3 Common Photography Mistakes (And How to Spot Them)

Because even the camera on our smartphones these days are so advanced, it's easy to get lost in a sea of "fauxtographers," or people who have no business calling themselves photographers. There's much debate in the photography community over what constitutes a professional, an expert, or a "real" photographer. For me, the answer seems simple: if you take and create a photograph, you're a photographer. It's a great time to be alive, people. Everyone has the potential to be an artist and it's literally magical.


Now, that doesn't mean that everyone should be charging for their services, however. If the person you hired to take your family portraits rolls up with their new iPhone to take your photos and a reassurance that they "totally have sweet editing apps, brah," maybe don't hold your breath on memorable images that day.


So, what's one to do when services are being offered everywhere, and you're not sure which way to turn or who to trust? Here are some things to look for when perusing portfolios and deciding which artist to hire to help you preserve your precious memories.


1. Blown Out Skies

This is absolutely my biggest pet peeve for any image. If the sky is blown out, the image was not exposed correctly, and honestly, that's a Day One kinda thing. Bush League, rookie, amateur, lame. Not good. The rest of the image might be just lovely, but a blown out sky is going to draw focus really fast, and rightly so. Besides, is there anything in the world more vast and wonderful than the sky? Why, oh why, would anyone want to leave all that lovely detail out? Sure, some days are gray and dreary, but it's the job of the artist to pull the beauty from it. Rarely is the sky actually just WHITE.


The tree is seen easily enough, but the sky is blech. The snow is equally blown out, but it's not strictly a winter problem.

By adjusting a few settings in camera, the sky is brought into beautiful detail

Saving the sky should happen in camera and not in editing in most cases, as properly adjusting the exposure for the scene is a huge part of what photography entails. Photography literally means "painting with light" and knowing how to use light as your tool is the hallmark of anyone who has any business charging for their services.

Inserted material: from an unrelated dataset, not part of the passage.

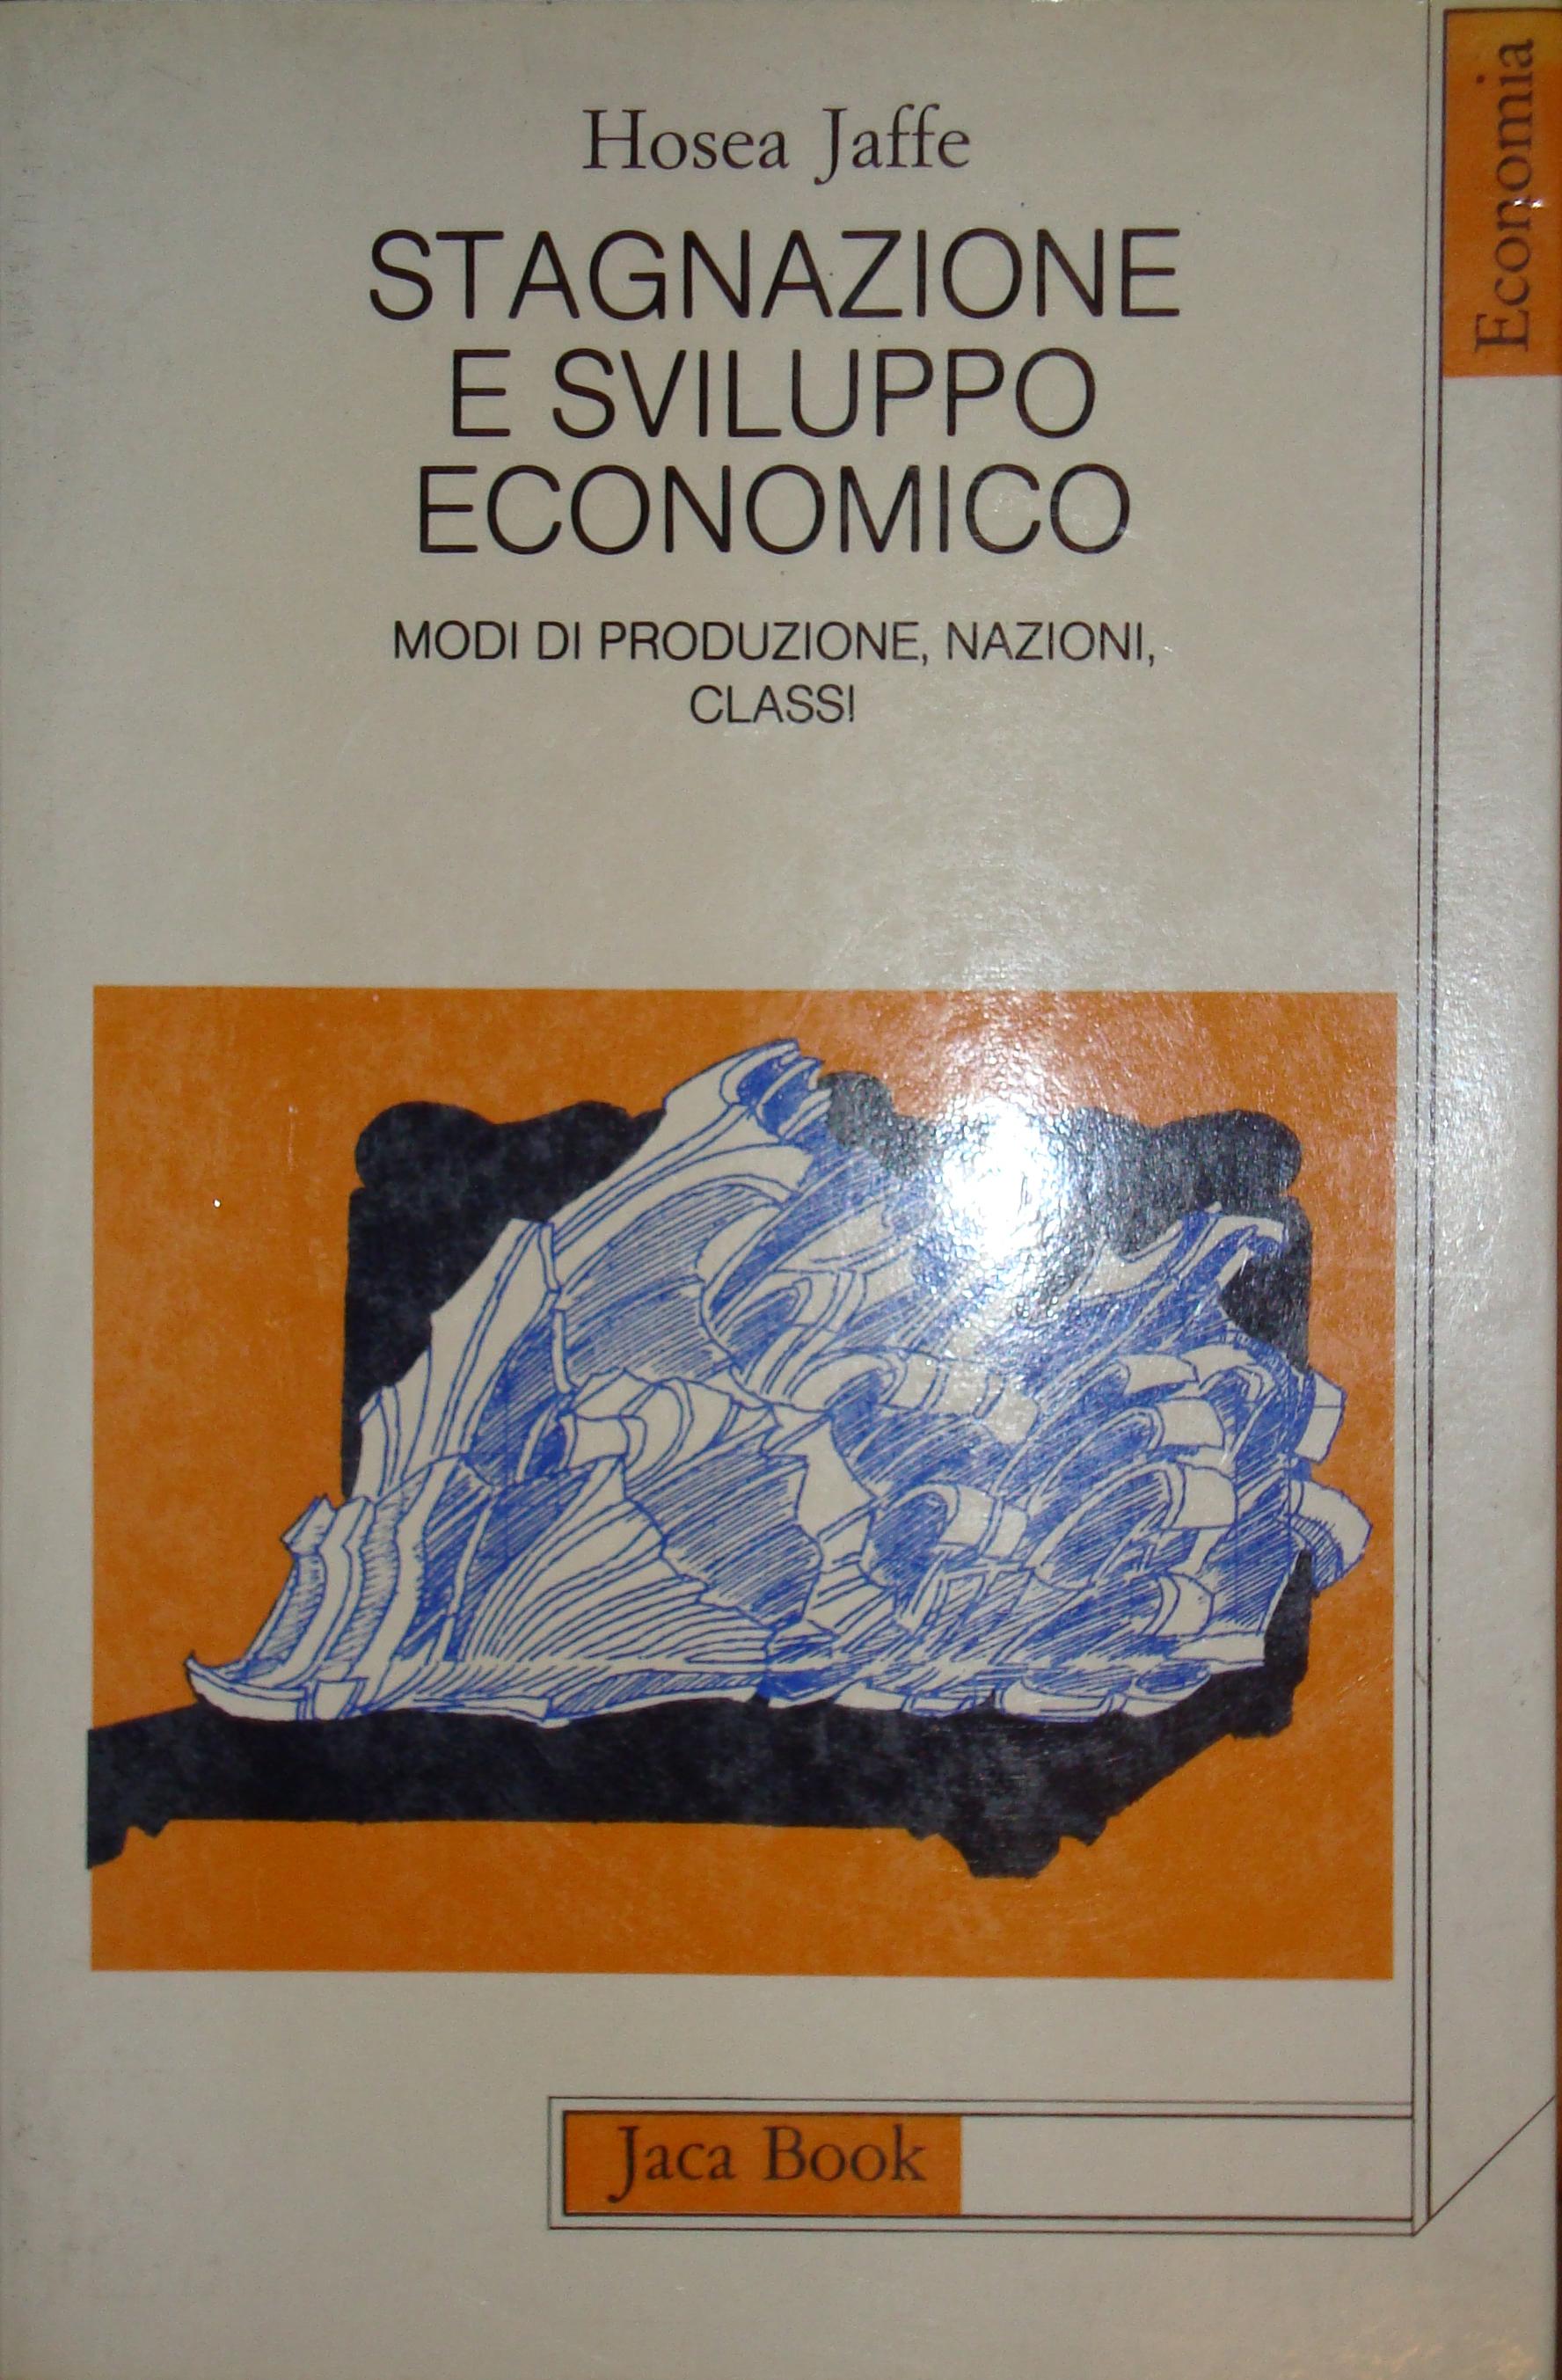 Stagnazione e sviluppo economico
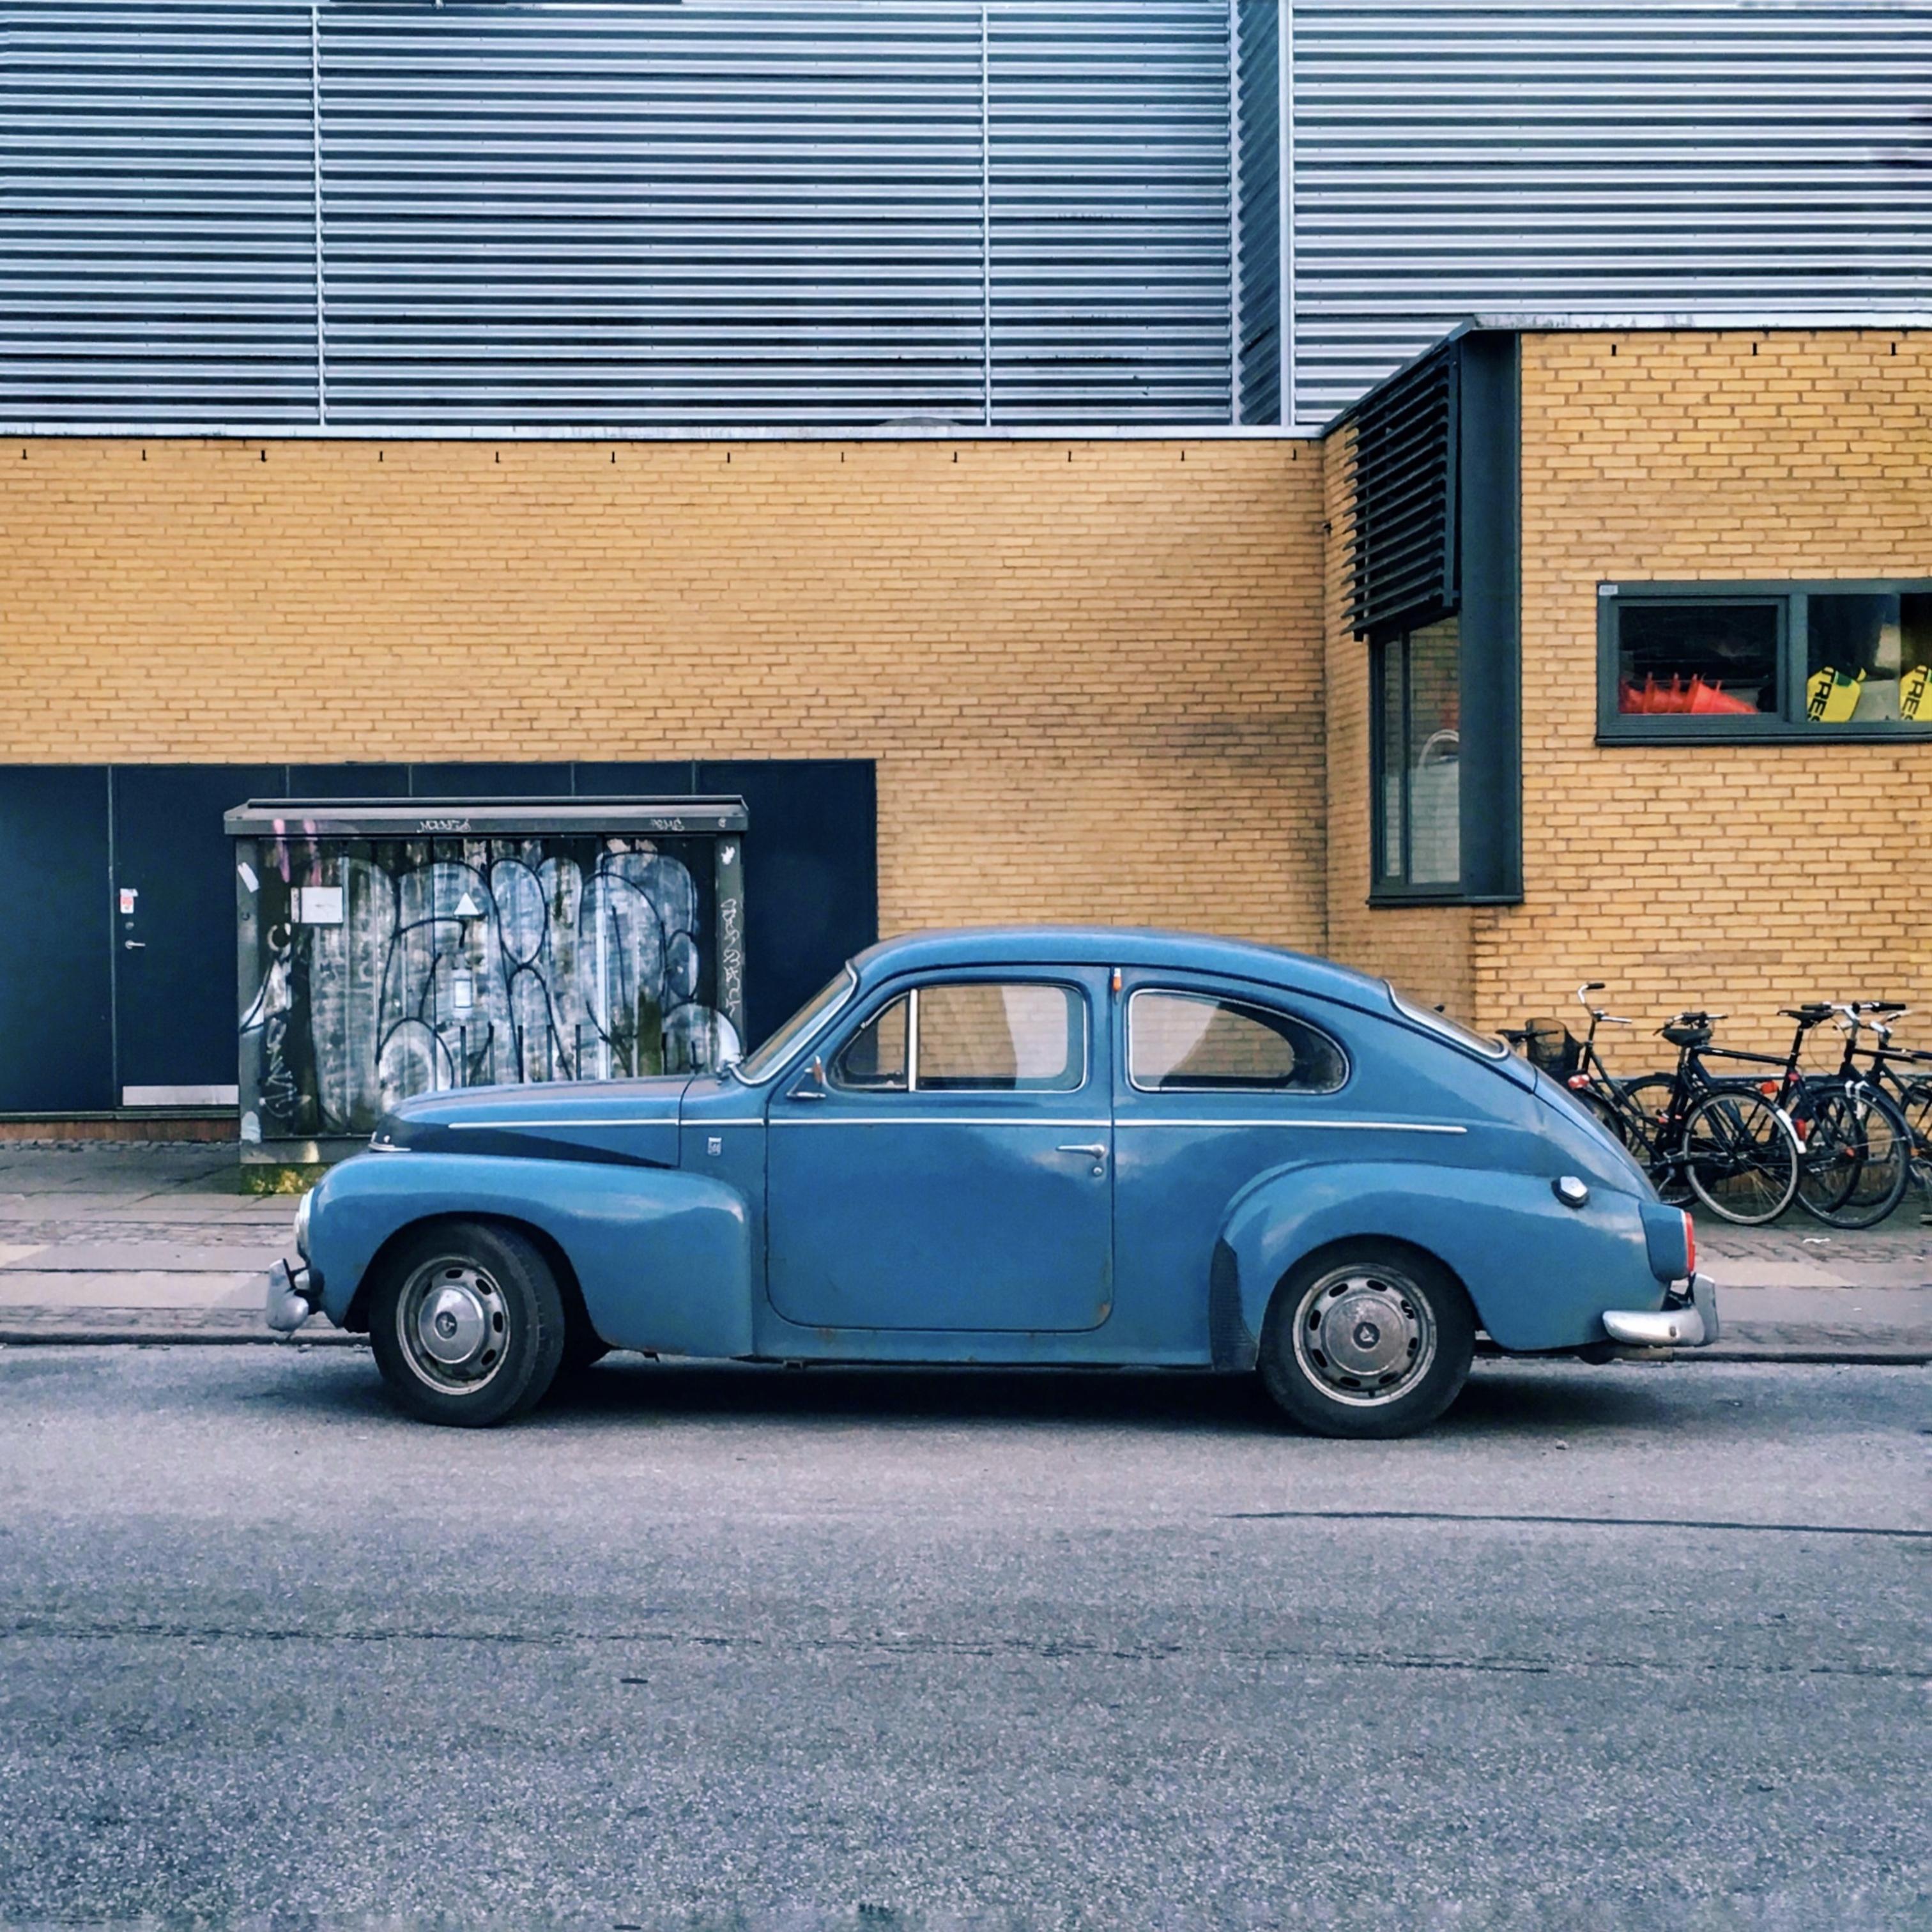 Volvo PV544 B18 1962

Sometimes, just sometimes, I allow my skies to remain a little detail-less. If there's a lot of trees or detail drawing attention and the sky will overcrowd the image, I'll let it be.


Because the trees add mood and color to the background, the sky's lack of detail allows the fall colors to shine

2. Missed Focus

Speaking of drawing focus, sometimes it gets missed entirely. What does missed focus look like? It can sometimes be hard to catch, but it's the difference between a standard photo and a fantastic image. Ideally, for portraits, focus should be on the eyes.


Focus is generally where your eyes go first in an image

When a photographer misses focus, it could be due to a number of things: a moving subject, a sudden hand spasm, simple miscalculation of depth of field. Unfortunately, this is something that cannot be fixed in post processing. Of course, mistakes happen, and quite often a photographer will get a few shots with missed focus in the bunch and those photos will get culled, not delivered to the client, no biggie. However, if you're seeing images on a portfolio with clearly missed focus, be wary.


The eyes are not sharp in this one, and focus is above the baby's head

Don't be too quick to judge, though; sometimes focus is deliberately placed on an object other than that in the foreground for artistic effect.


The branch in the foreground is deliberately out of focus to highlight the buds on the branch behind it

3. Overlooking Distracting Details

Sometimes, it's not possible to pose your clients in a perfect, distraction-free spot. Occasionally you'll find a magical location with just one or two tiny flaws, and you convince yourself that everyone else will be so excited about the images you created that they'll be happy to overlook them. Look for a photographer who pays attention to the details (I'm told it's where the devil resides, you know) and is excited to provide you with the most magical photos possible.


No editing whatsoever. Notice the awkward chains?

She's gone from posing on government property to a serene goddess of the forest.

Of course, the caveat here is that portrait photography is different from event photography. The candids from a wedding, for example, generally won't be edited this nitpickily because that won't accurately represent your happy day! The portraits, on the other hand, should be lovely and meticulously crafted. But for an all day event, you're going to want to remember the day as close to reality as possible.


All that being said, there are some amazing photographers in northern Michigan (and I mean really, really phenomenal). Some are true to life, some are strictly newborn and family, some are more whimsical, and some are entirely photo manipulation, There are so many ways to create and appreciate art, and there's someone out there for every style and approach. Go forth, and support the arts!